Abstract

Objective: To present a case of posterior cortical atrophy (PCA) that was proven not to be Alzheimer disease (AD). PCA is rare and poorly understood but is a distinctive dementia syndrome thought to be caused by atypical Alzheimer disease (AD). The results presented suggest a unique yet to be defined neurodegenerative disease process. Method: A 55-year-old female presented with a 4 year history of absentmindedness and visuospatial symptoms. Diagnostic included serial MRI, serial neuropsychological studies, PET and CSF ADMark. Profound posterior cortical metabolic inactivity and occipital/posterior parietal atrophy characterized imaging. The CSF was negative for AD AB42/tau biomarkers.

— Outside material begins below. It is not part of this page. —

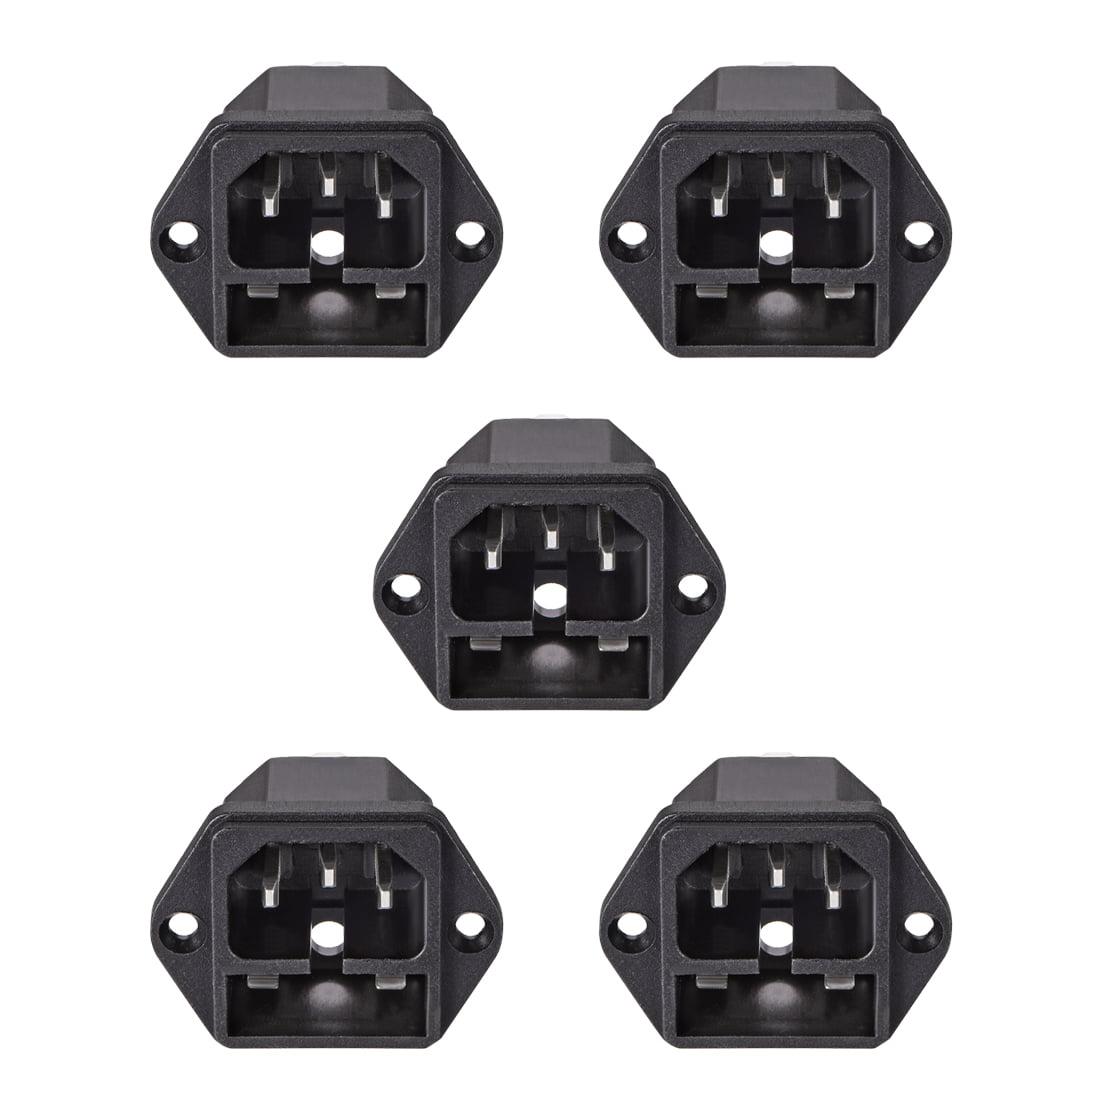 C14 Panel Mount Plug Adapter AC 250V 10A 3Pins IEC Inlet Module Plug Socket 5pcs - image 3 of 3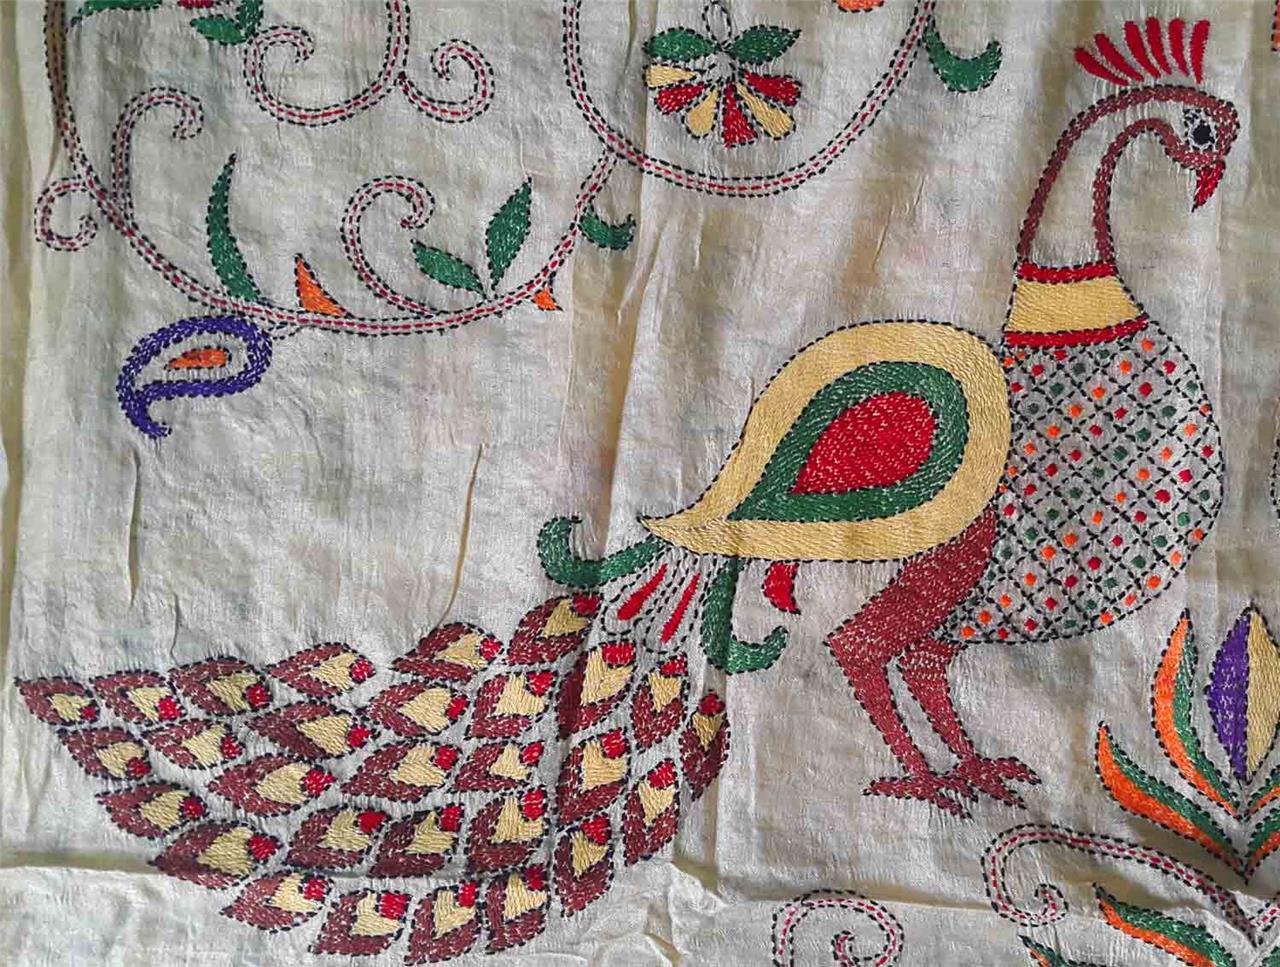 India ethnic designer sari kantha stitch hand embroidery

Results: Serial neuropsychological studies demonstrated psychometric decline over the observation interval and a neurobehavioral syndrome characterized by features of Balint's syndrome with oculomotor apraxia, optic ataxia, and simultagnosia. Profound visuospatial deficits where noted on Block Design (SS = 2), Trail Making Test part A (discontinued because “dot appeared and disappeared”), Clock Drawing test (0/4), piecemeal description on Boston Cookie Theft picture with qualitative complaints “it is like too many thing are going on (visually) at once.” Other cognitive function was relatively preserved. Conclusion(s): PCA is a rare distinctive dementia syndrome that is thought to be atypical AD. Our case was a classic presentation of Benson's (1988) original description. Our case uniquely contributes to the literature as the biomarkers for AD were negative. It is likely that this case would fall into the category “dementia lacking specific histological features.” Accurate classification of such cases for further study will ultimately contribute to better understanding of neurodegenerative diseases.